63 A small business owner contributes 2000 at the end of eac

6.3

A small business owner contributes $2000 at the end of each quarter to a retirement account that earns 6% compounded quarterly. How long will it be until the account is worth $150,000? (Round your answer UP to the nearest quarter.) _______ quarters Suppose when the account reaches $150,000, the business owner increases the contributions to $7000 at the end of each quarter. What will the total value of the account be after 15 more years? (Round your answer to the nearest dollar.) $ _______

Solution

(a). The formula for computing the future value of an annuity is F = p[(1+r)ⁿ-1]/r where p is the periodic payment, r is the rate of interest per period, n is the number of periods and F is the future value. Here, F = $150000, p = $ 2000, r = (6/100)*(1/4) = 0.015. Let n be the required number of quarters. Then 150000= (2000/0.015) [(1.015)ⁿ-1] or, [(1.015)ⁿ-1] = 150000*0.015/2000 = 1.125 so that (1.015)ⁿ= 1.125+1 = 2.125. Now, on taking logarithm of both the sides, we get n log 1.015 = log 2.123 so that n = log 2.125 /log 1.015 = 0.327358934/0.006466042249= 50.627 or, 51 (on rounding off to the nearest whole number). Thus, the account will be worth $150000 after 51 quarters.
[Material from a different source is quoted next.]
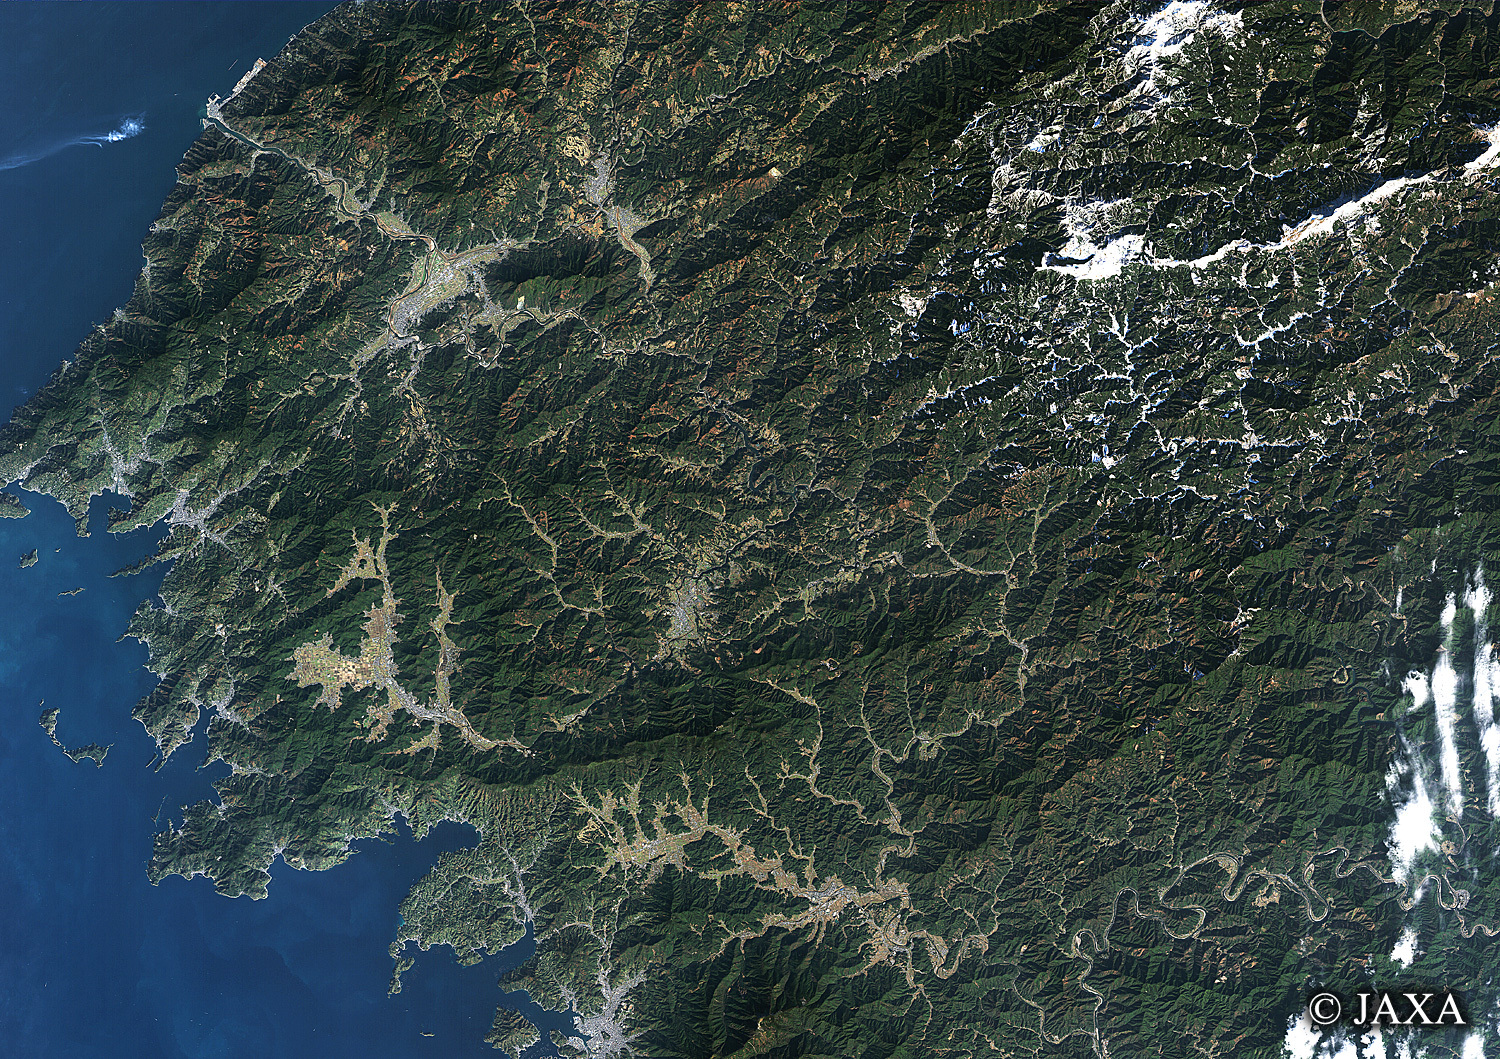 だいちから見た日本の都市 肱川:衛星画像
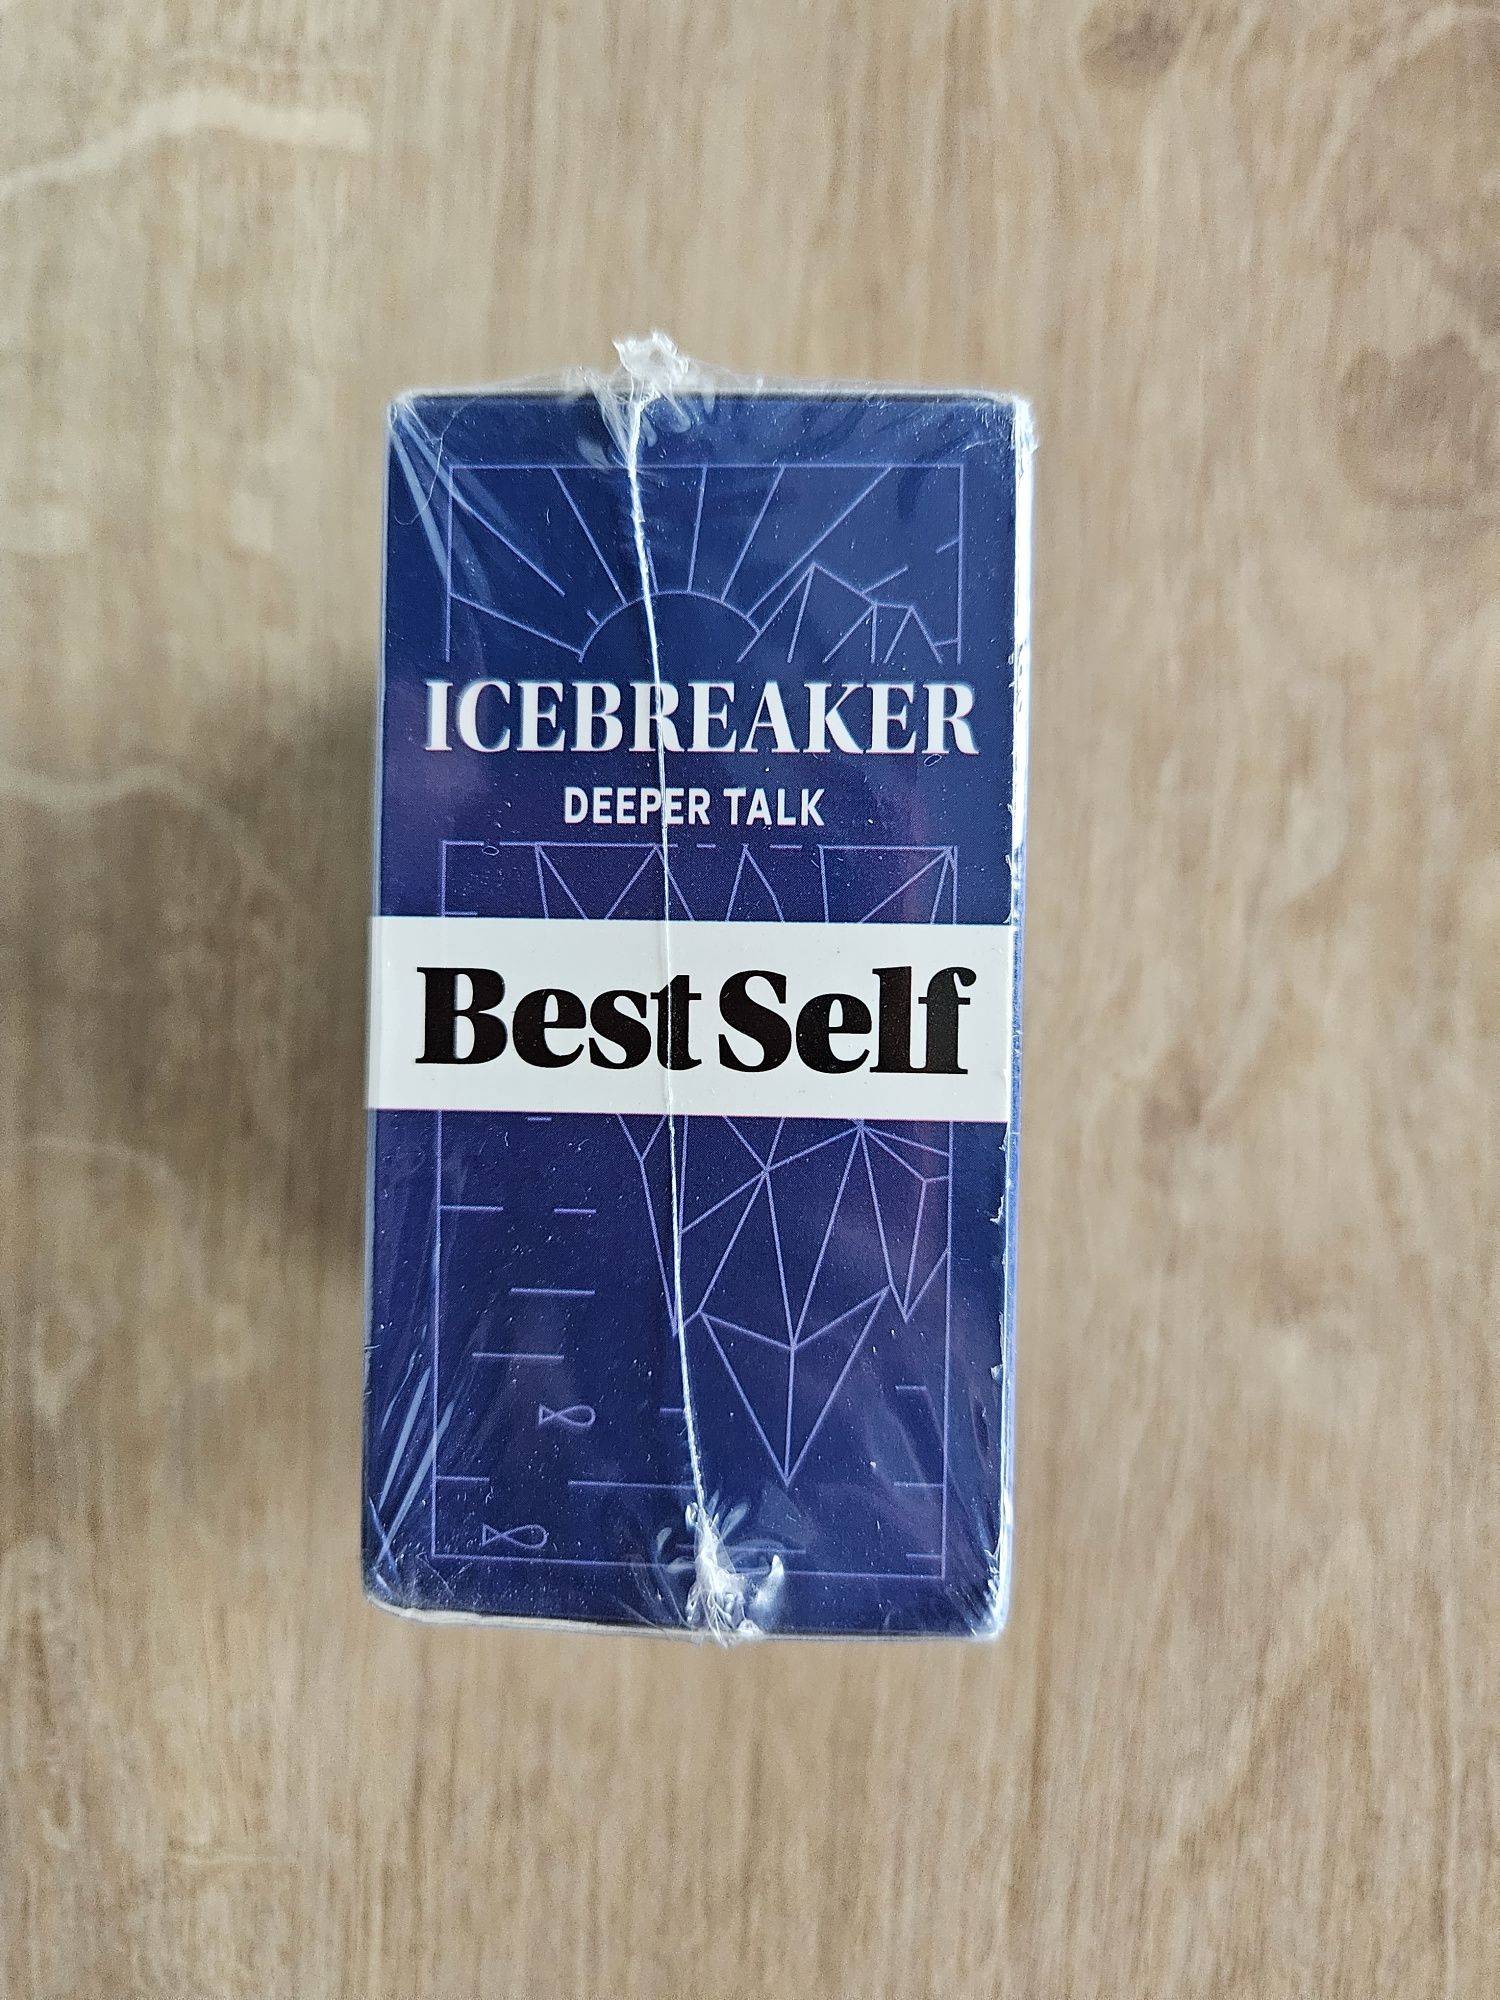 Icebreaker deeper talk Wersja angielska

(b) The formula for compound interest if F = P(1+r/n)^nt, where, P is the initial amounr/Principal, r is the rate of interest for the period, n is the number of times interest is compounded in an year, t is the number of years and F is the future value. Here, P = $ 150000, r = 0.06, n = 4, and t = 15 so that F = 150000(1+0.06/4)^4*15 = 150000(1.015)⁶⁰ = 150000*2.443219776 = $366482.97 (on rounding off to the nearest cent). Further, the maturity value of an annuity of $ 7000 on the same terms in part(a) above is (7000/0.015)[ (1.015)^15*4-1] =(7000/0.015)*1.443219776= $673502.56 (on rounding off to the nearest cent). Hence, the total value of the account after 15 years will be $366482.97 + $ 673502.56= $ 1039985.53.